#### Assignment:
Could you print the stretch of lines below from the one with "2012 Hyundai Sonata" through the one with "LED-riippuvalaisin Bard 42x42", exactly as they stand and without any pictures?

#### Information shown:
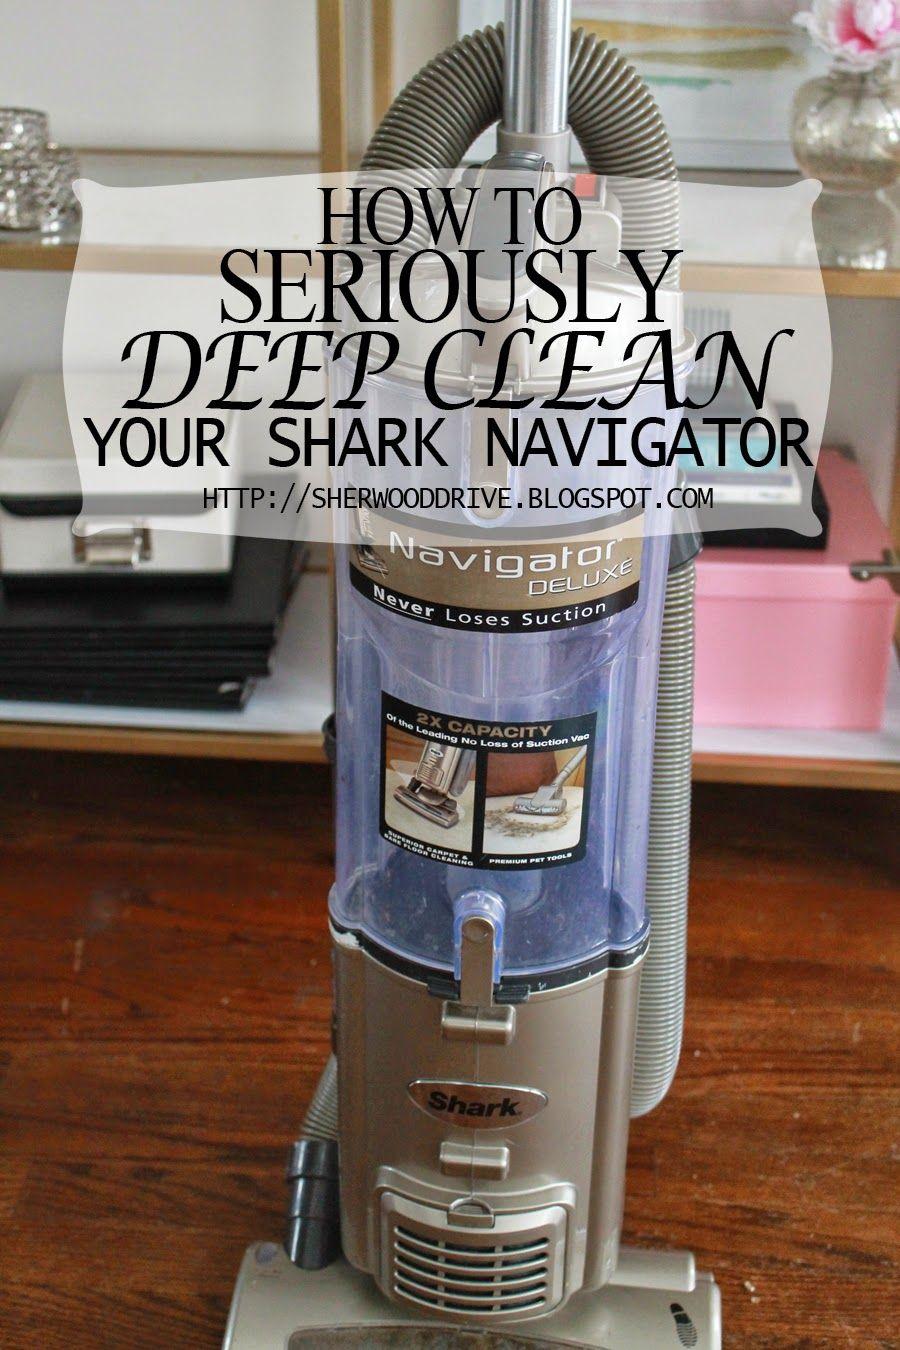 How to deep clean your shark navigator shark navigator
...
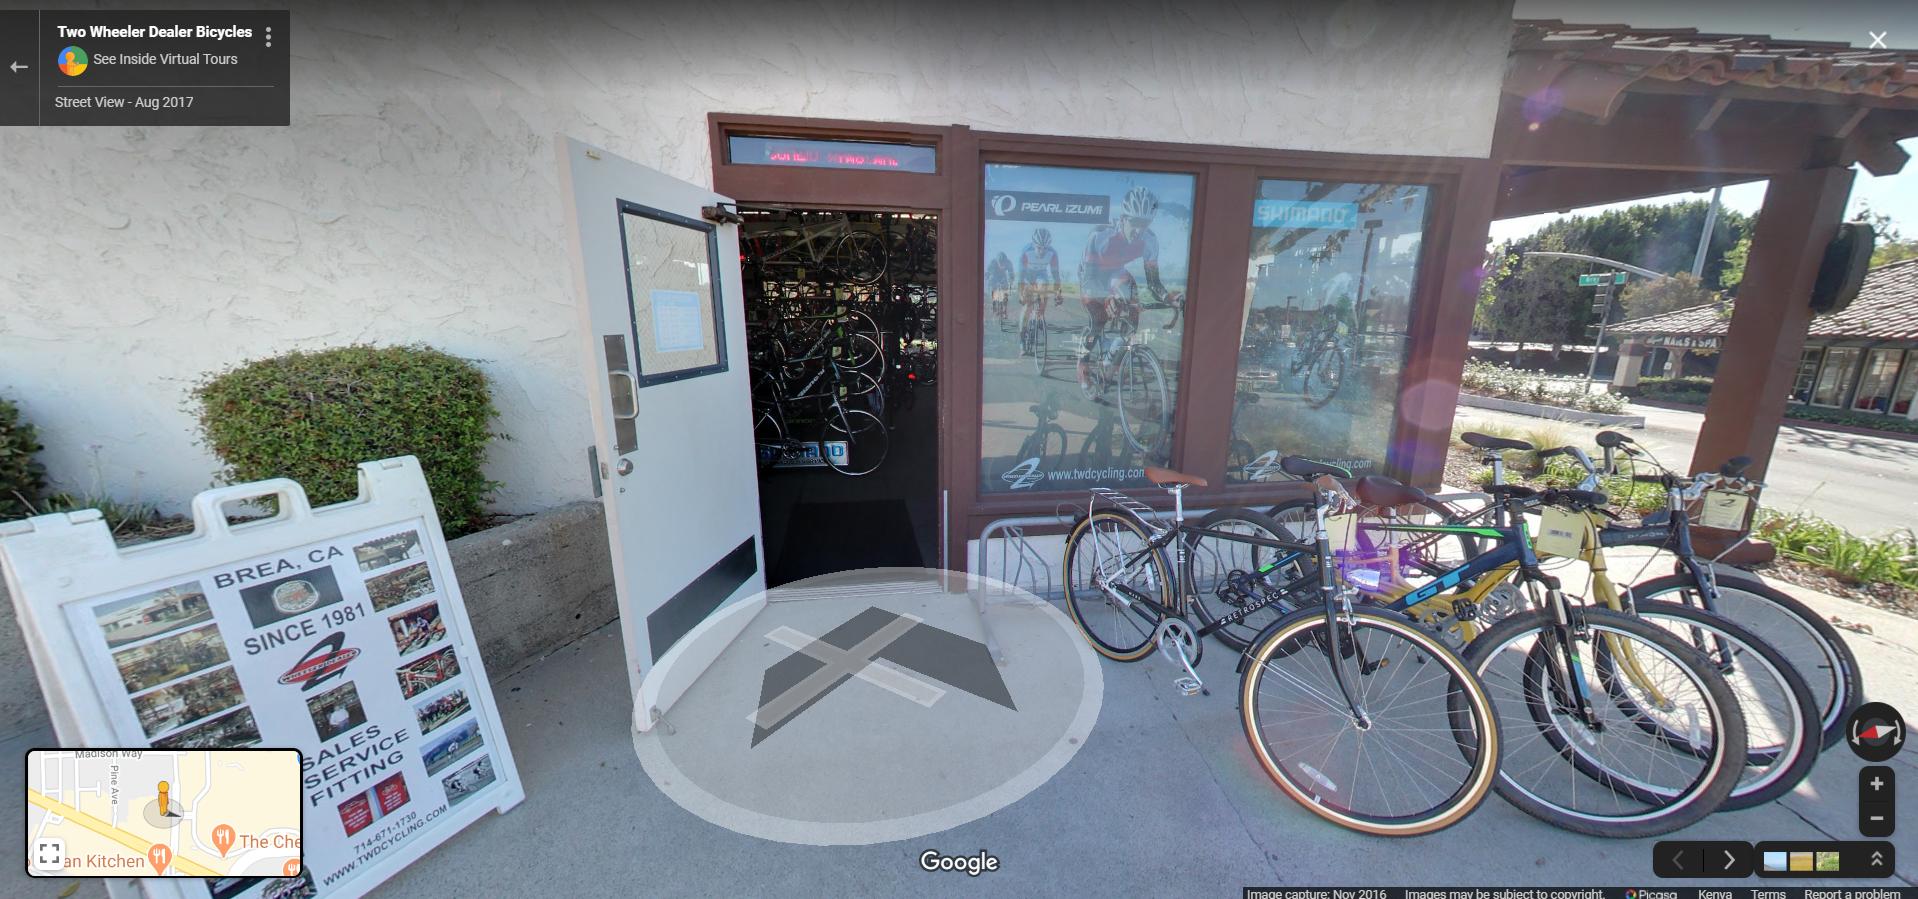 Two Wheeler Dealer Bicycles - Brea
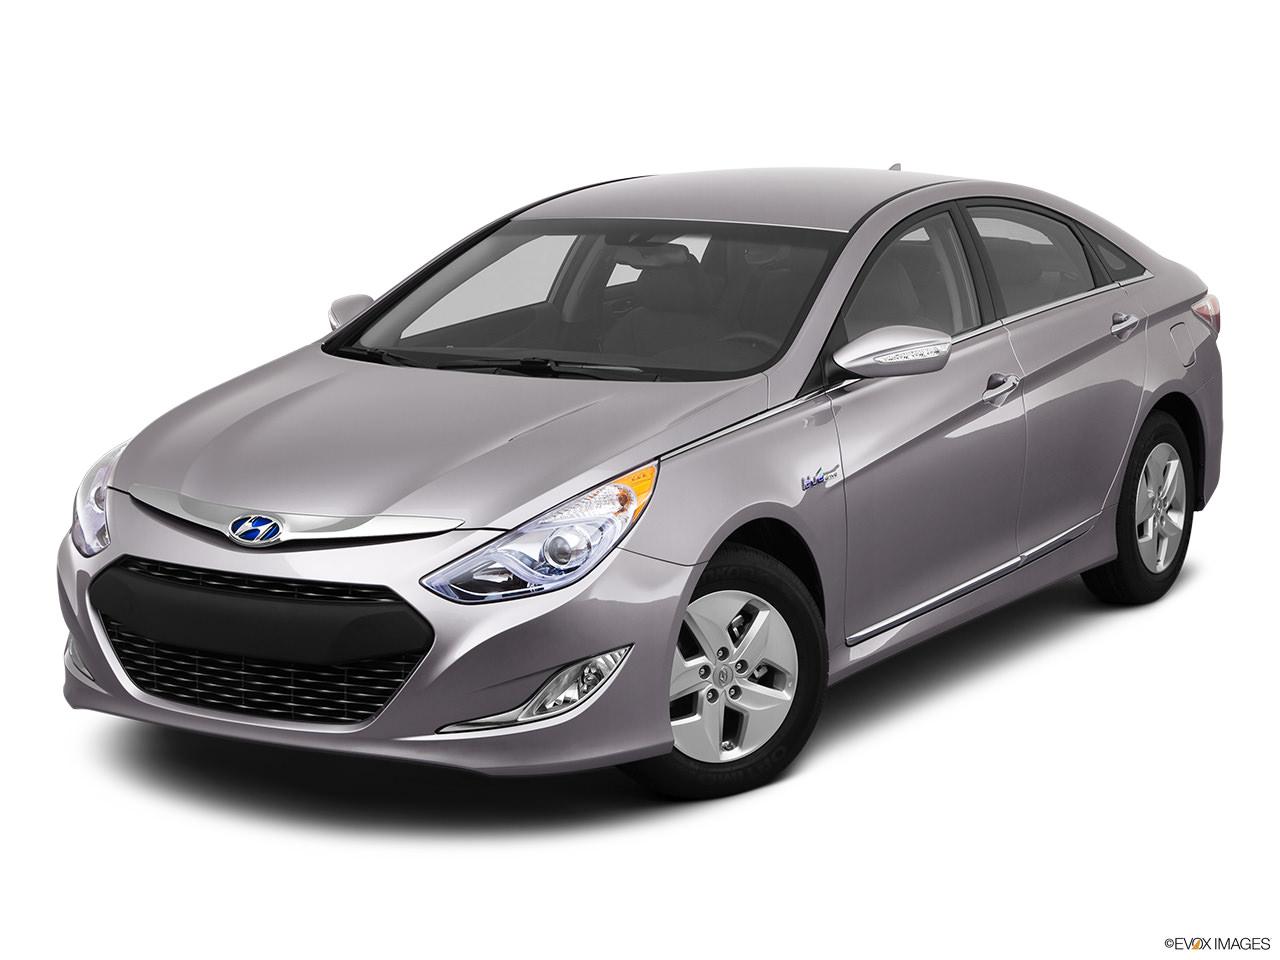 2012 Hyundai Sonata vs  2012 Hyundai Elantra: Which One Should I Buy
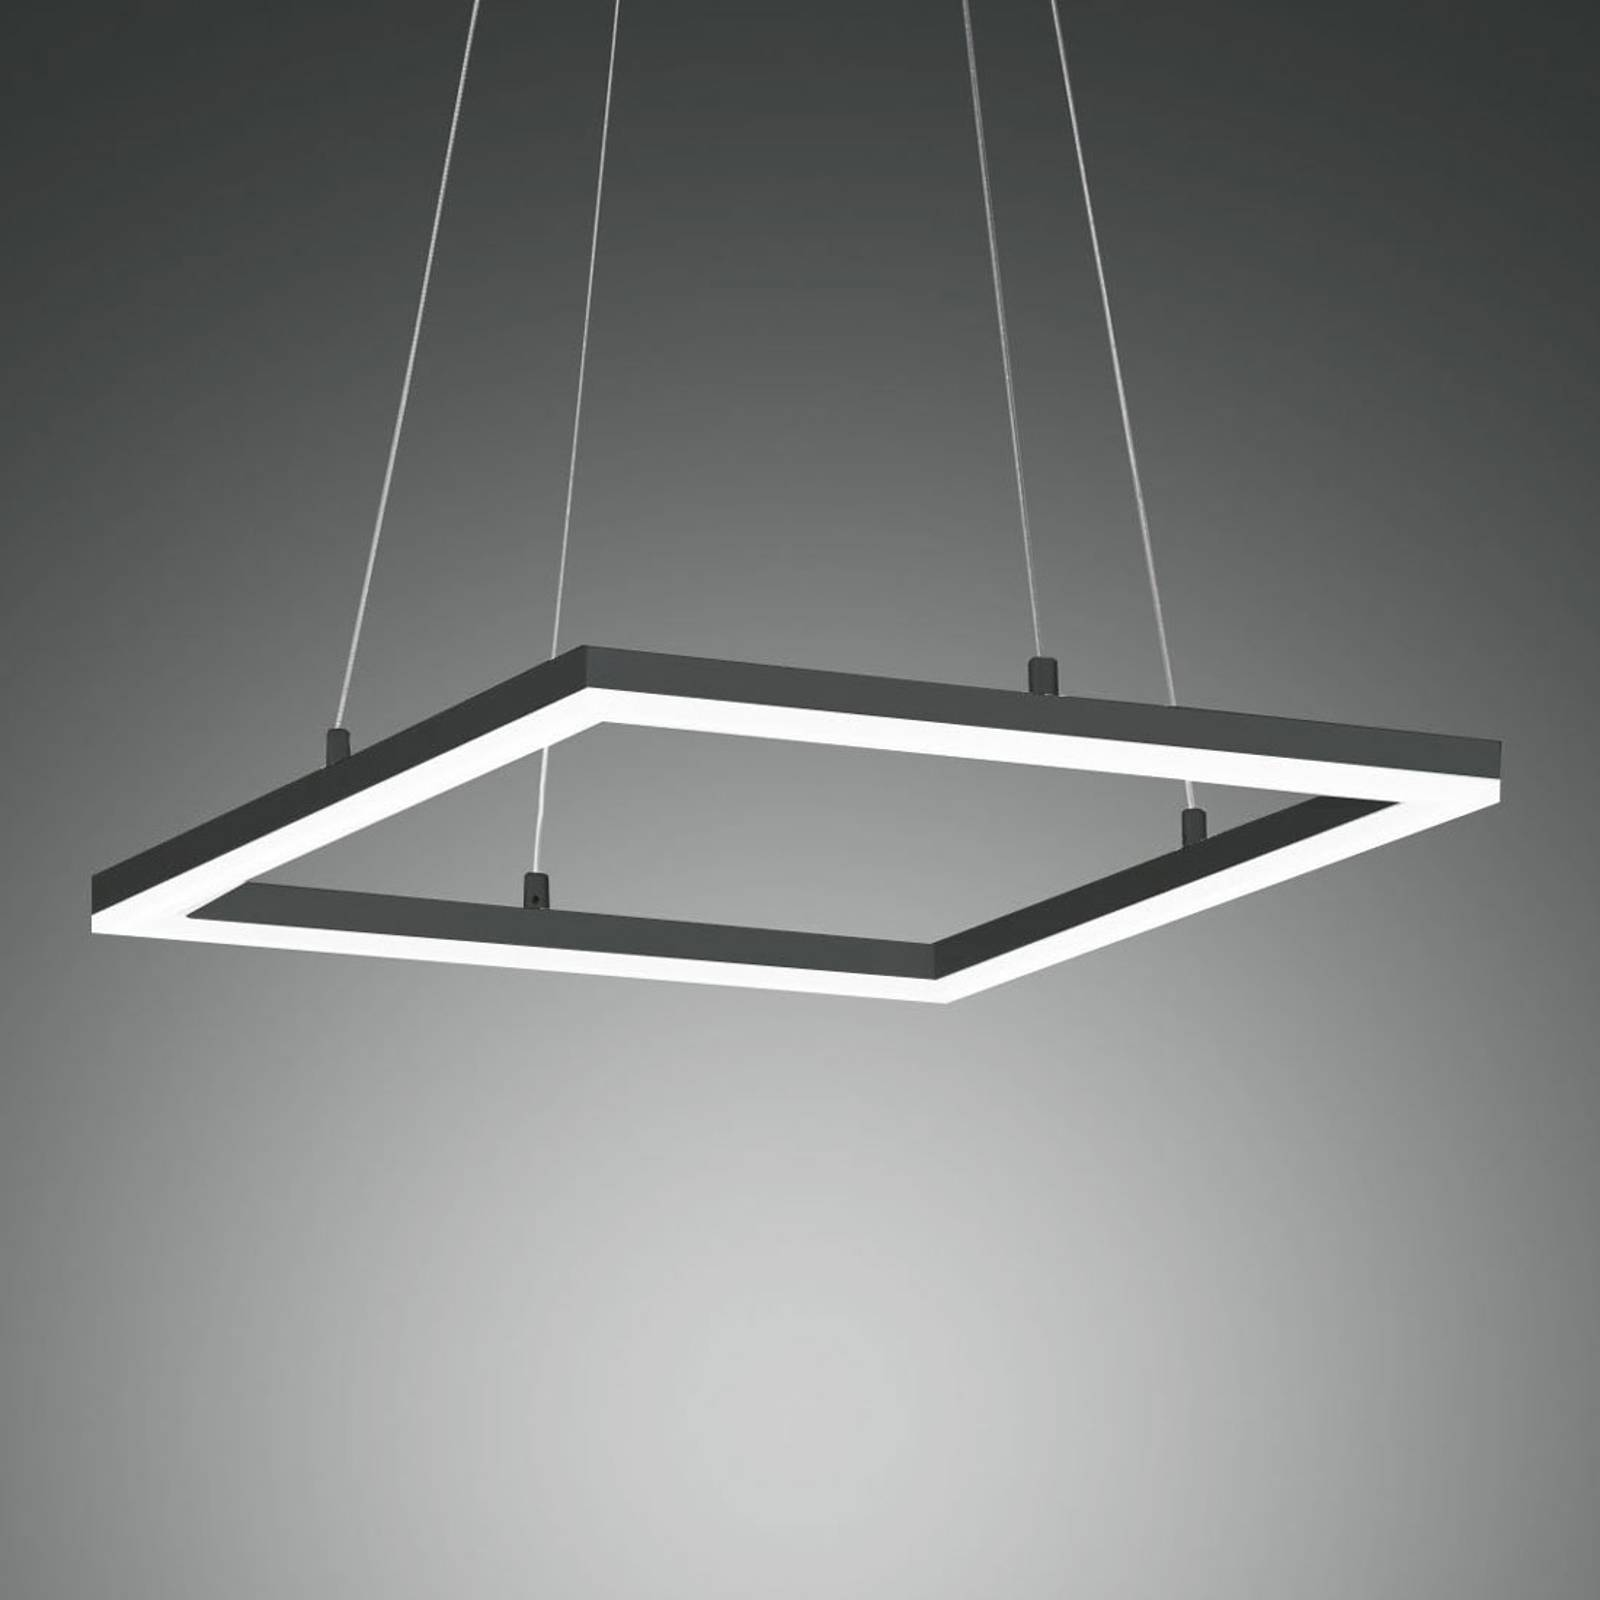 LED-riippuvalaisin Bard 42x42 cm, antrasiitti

#### Solved exercise:
 2012 Hyundai Sonata vs  2012 Hyundai Elantra: Which One Should I Buy
 LED-riippuvalaisin Bard 42x42 cm, antrasiitti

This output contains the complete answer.